Since it wouldn’t do for a top-of-the-line remote control to be missing something available on the second-from-the-top model, Sony has finally come out with an enhanced version of their RM-AV series’ flagship model – you guessed it, the RM-AV3100. An upgraded model always means one thing – more work for me trying to figure out what’s new!
As the RM-AV3100 looks, operates and is otherwise nearly identical to the RM-AV3000, this addendum will only cover the differences between these two models. If you’re new to Sony’s series of touchscreen remotes, avoid becoming hopelessly lost by going back and starting at page 1 to learn about the physical design, primary features and general operation. If you’re already familiar with the RM-AV3000, continue reading this review.
Changes are in the eye of the beholder.
Place the RM-AV3100 and RM-AV3000 side-by-side and you’d be hard pressed to notice any difference. From the case style and button shapes to LCD screen and printed labels, everything looks absolutely the same. Indeed, apart from the updated model number, there are no design changes. But look a little closer, and two subtle hardware differences help separate these virtual twins.

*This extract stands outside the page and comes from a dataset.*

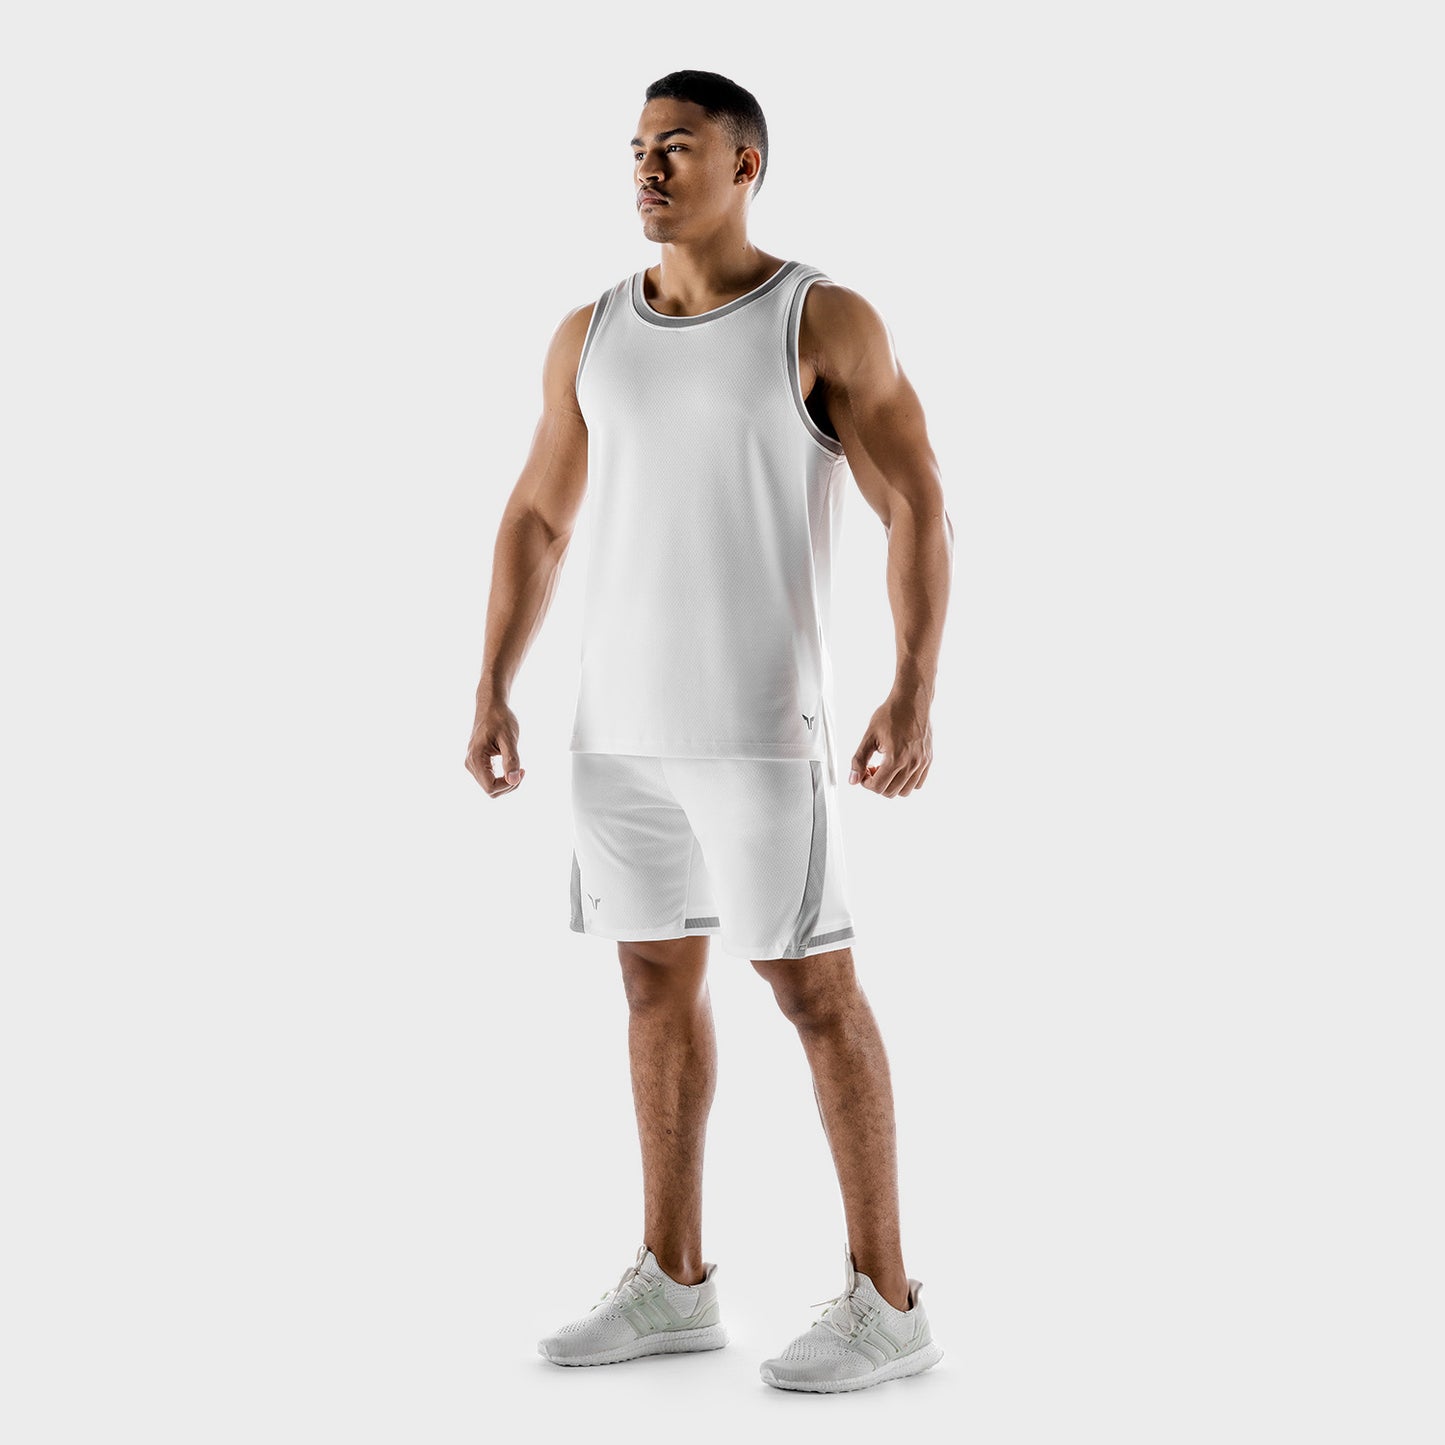 squatwolf-gym-wear-hybrid-2-0-tank-white-workout-tank-tops-for-men

The first change is with the material used to form the remote’s hard buttons. The keys on the RM-AV3000 are constructed of soft, pliable rubber, the type used by many remotes. While at first glance the RM-AV3100’s buttons look the same, they have a completely different feel: harder and smoother. Either the plastic material has changed, or the rubber has been coated with a matte varnish. Whatever the case, tactile response is now slightly firmer. This is most noticeable on the four long and thin directional keys which now bend softly, depressing only directly under your finger, where before the entire surface would lower with a more perceptible “click”. Although curious, this change has no significant impact on the remote’s ergonomics.
Possibly as a result of this change, the RM-AV3100’s glow-in-the-dark component keys charge slightly brighter, but don’t last any longer and fade out after 11 or 12 minutes.